Reproduce the entire listing exactly. Leave the pictures out.

#### DATA SECTION ####

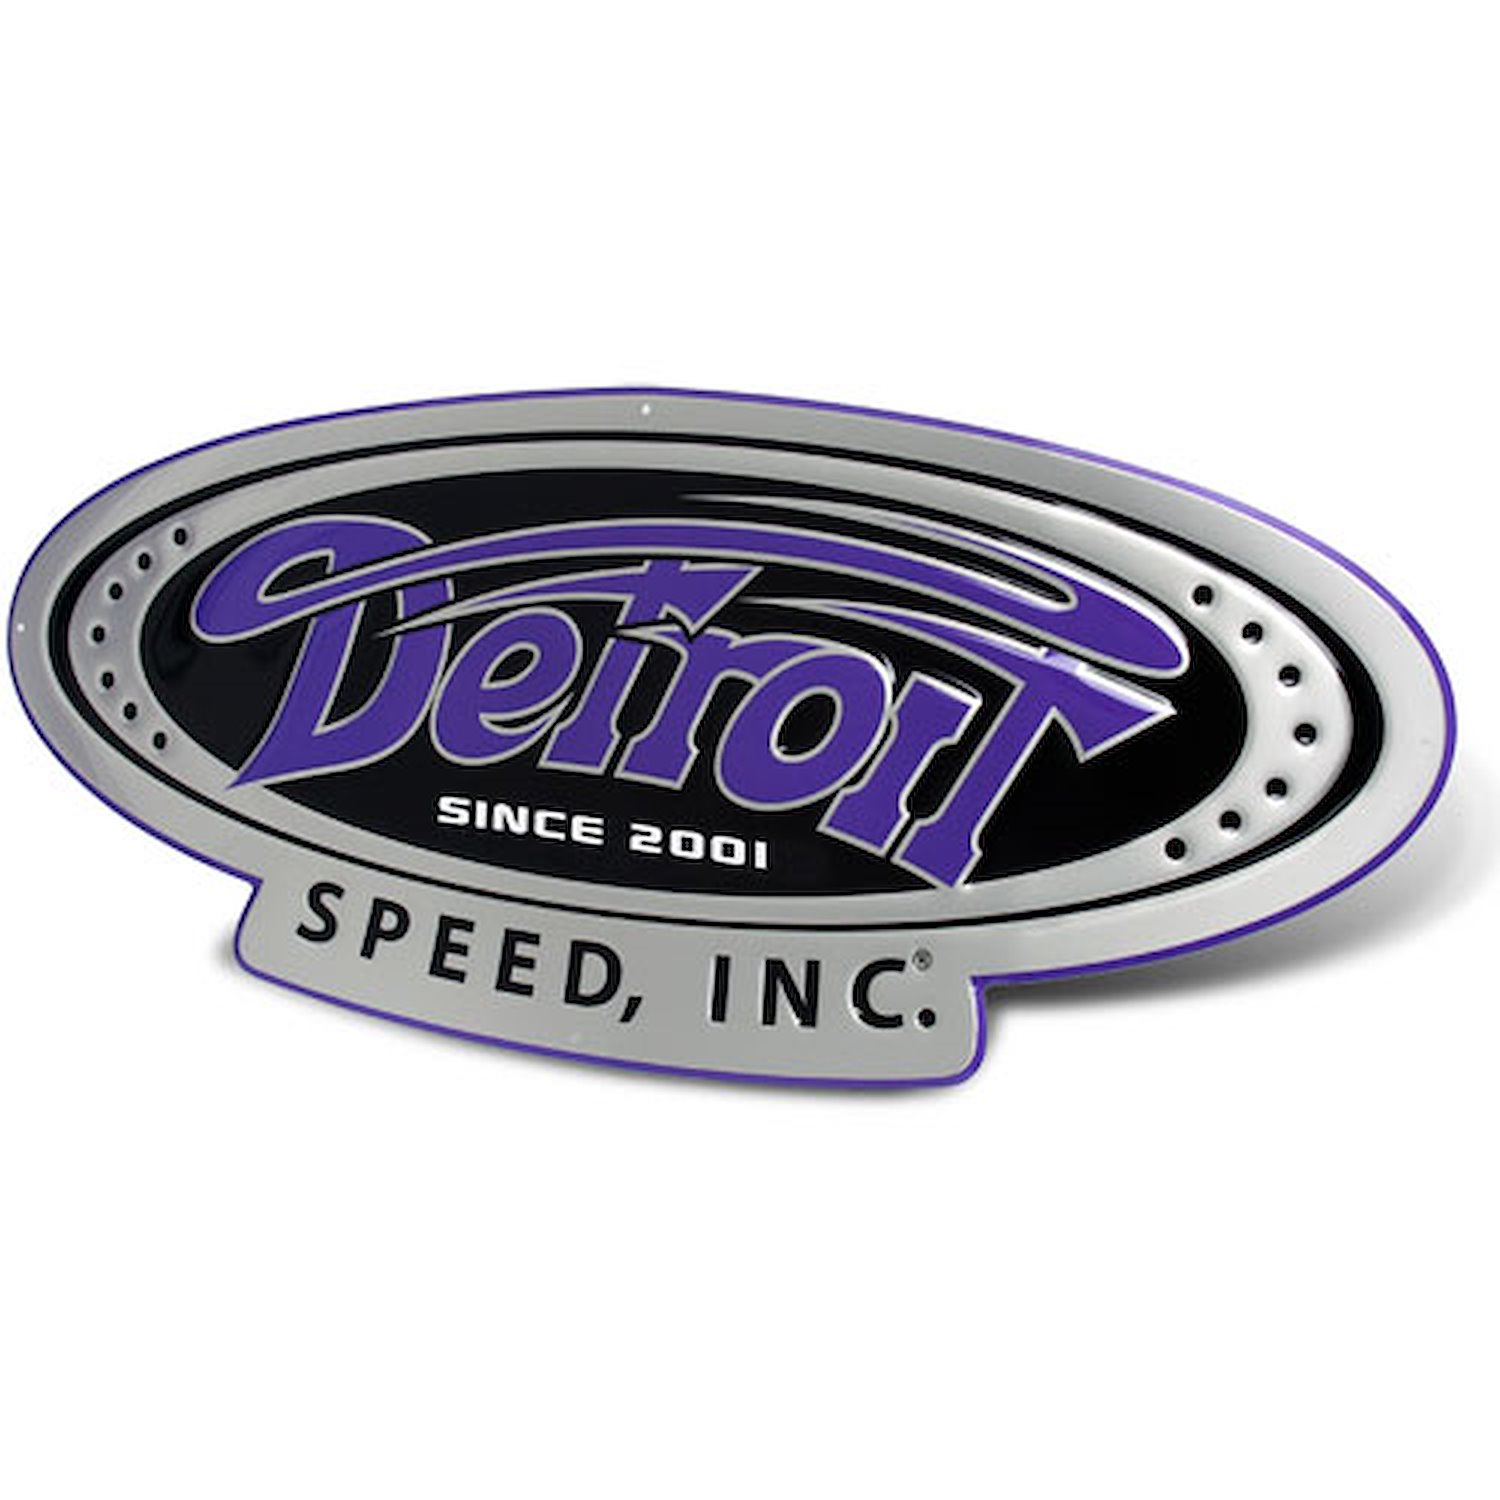 Detroit Speed Inc. Sign
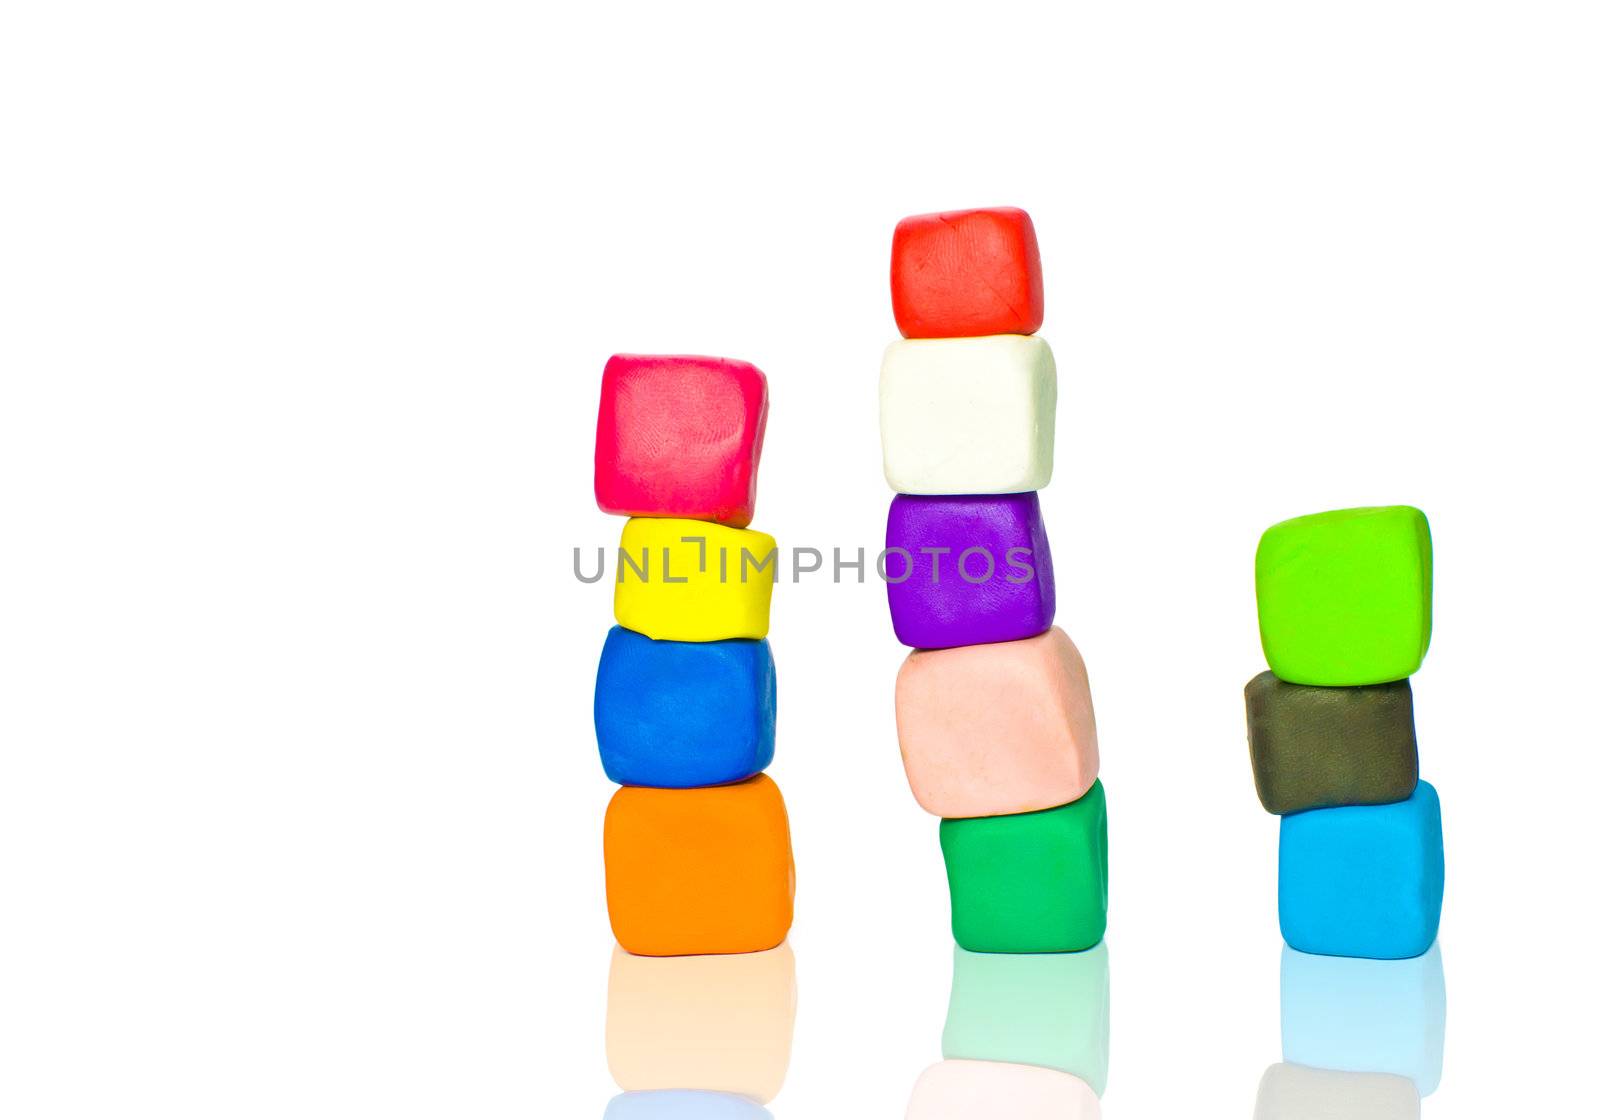 Stacks of plasticine blocks by TanawatPontchour
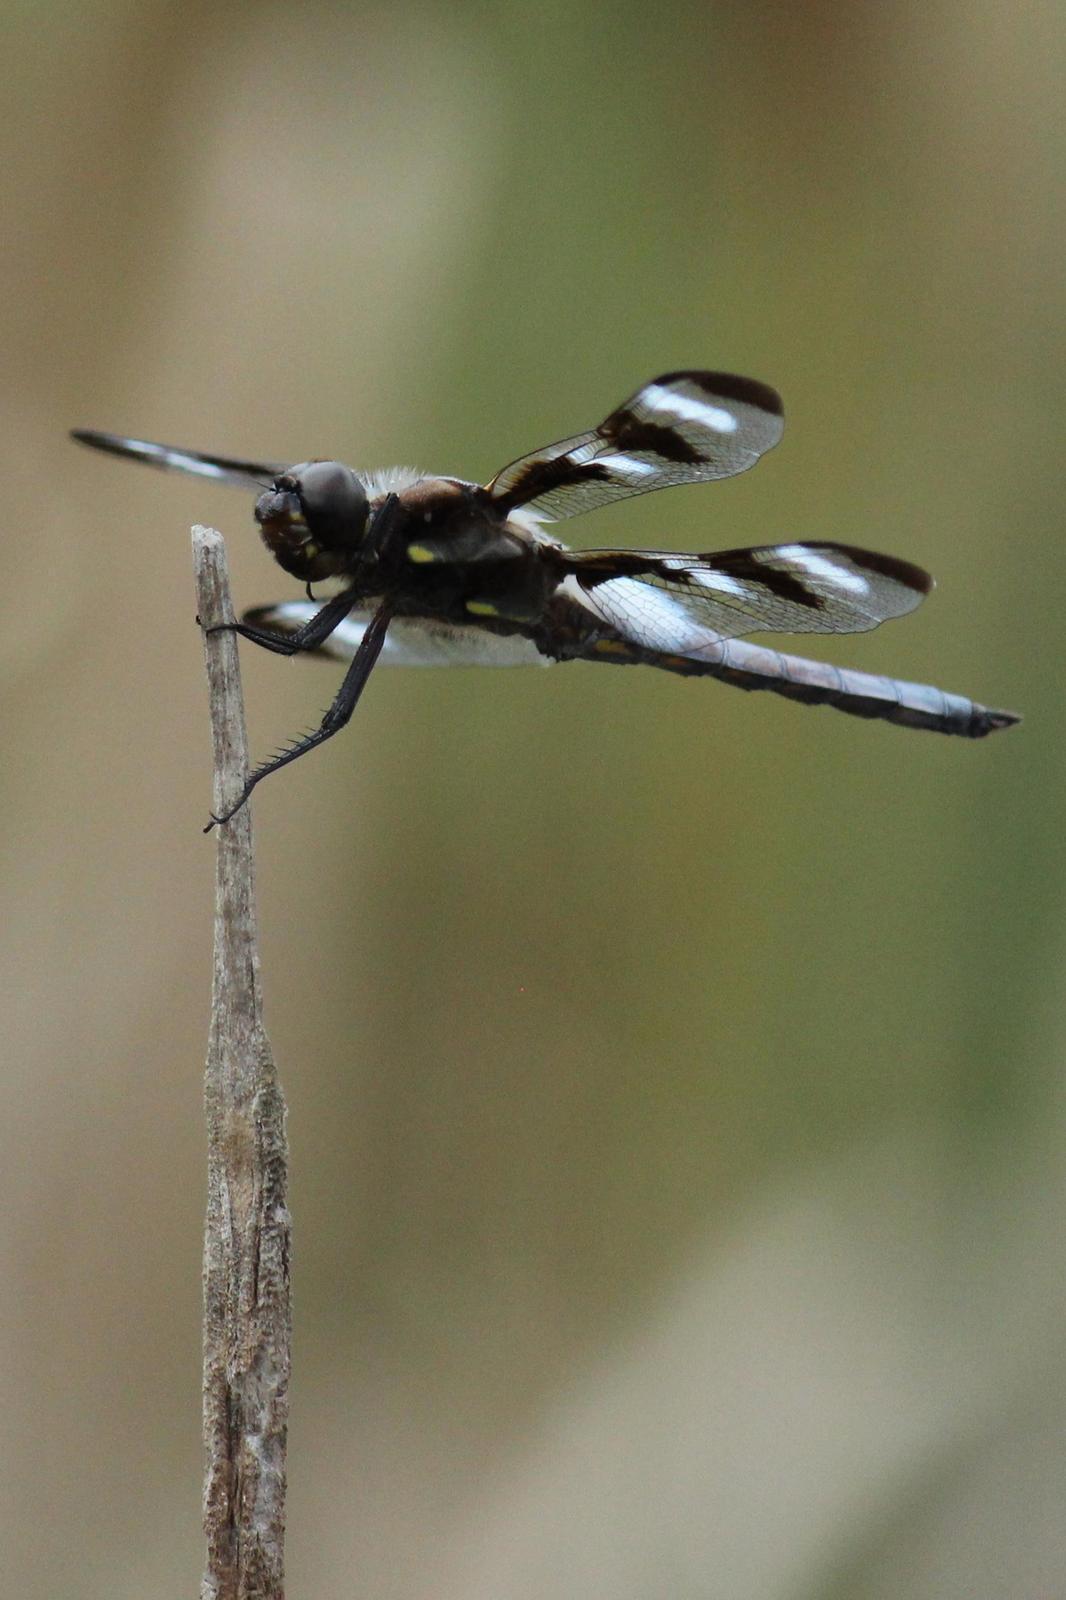 Twelve-spotted Skimmer Photo by Kristy Baker
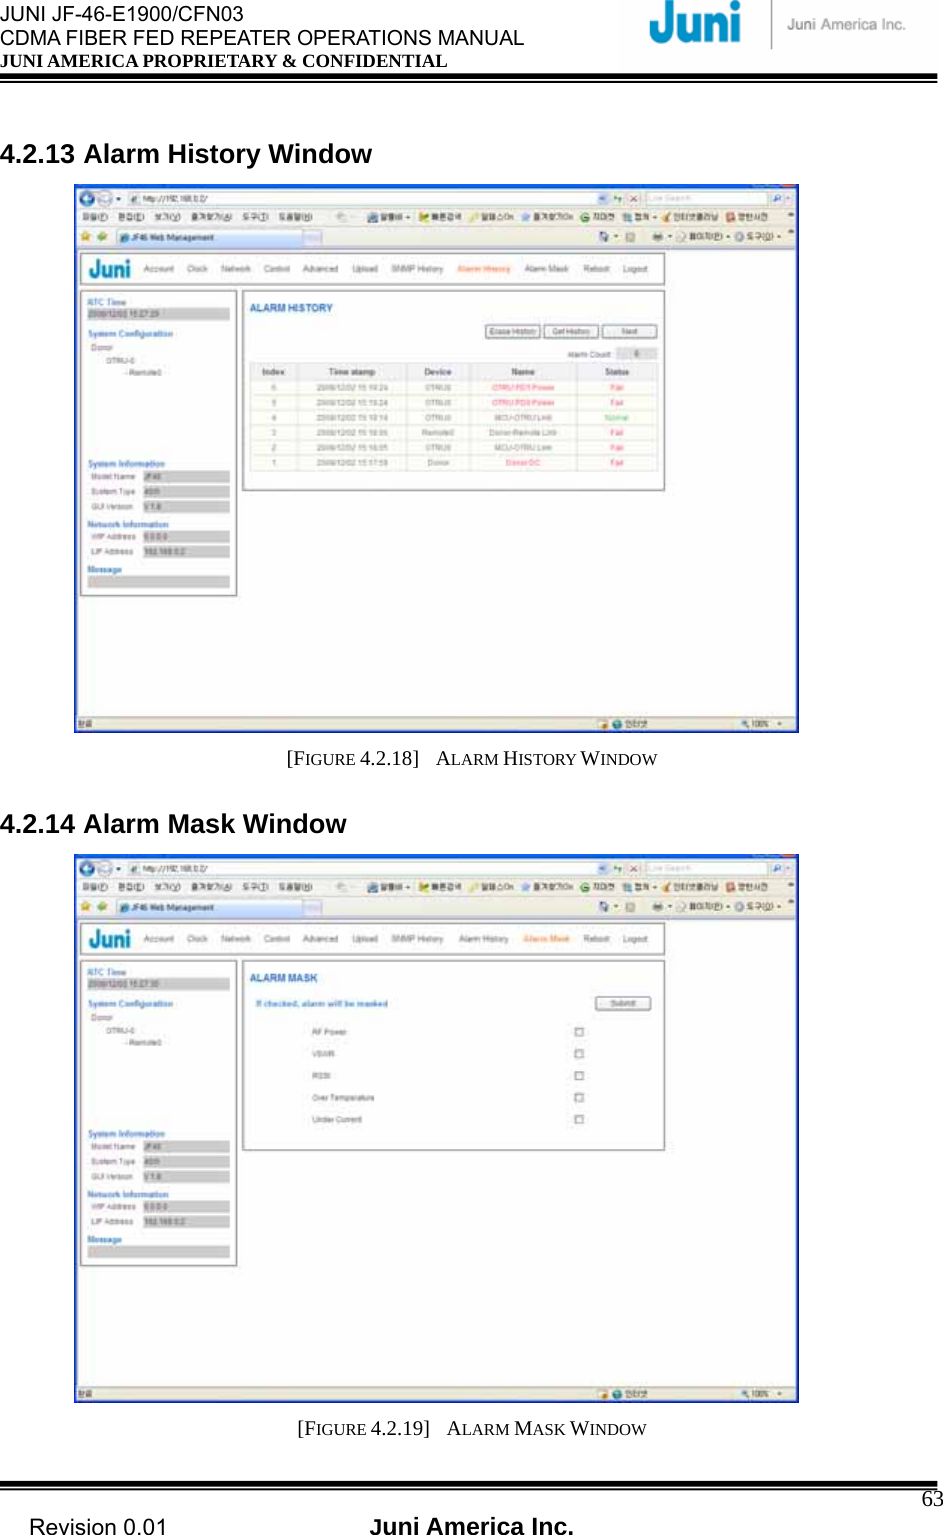  JUNI JF-46-E1900/CFN03 CDMA FIBER FED REPEATER OPERATIONS MANUAL JUNI AMERICA PROPRIETARY &amp; CONFIDENTIAL                                   Revision 0.01  Juni America Inc.  63 4.2.13 Alarm History Window  [FIGURE 4.2.18]  ALARM HISTORY WINDOW  4.2.14 Alarm Mask Window  [FIGURE 4.2.19]  ALARM MASK WINDOW

####

■ **EXERCISE RESULT**:
 Detroit Speed Inc. Sign
 Stacks of plasticine blocks by TanawatPontchour
 Twelve-spotted Skimmer Photo by Kristy Baker
  JUNI JF-46-E1900/CFN03 CDMA FIBER FED REPEATER OPERATIONS MANUAL JUNI AMERICA PROPRIETARY &amp; CONFIDENTIAL                                   Revision 0.01  Juni America Inc.  63 4.2.13 Alarm History Window  [FIGURE 4.2.18]  ALARM HISTORY WINDOW  4.2.14 Alarm Mask Window  [FIGURE 4.2.19]  ALARM MASK WINDOW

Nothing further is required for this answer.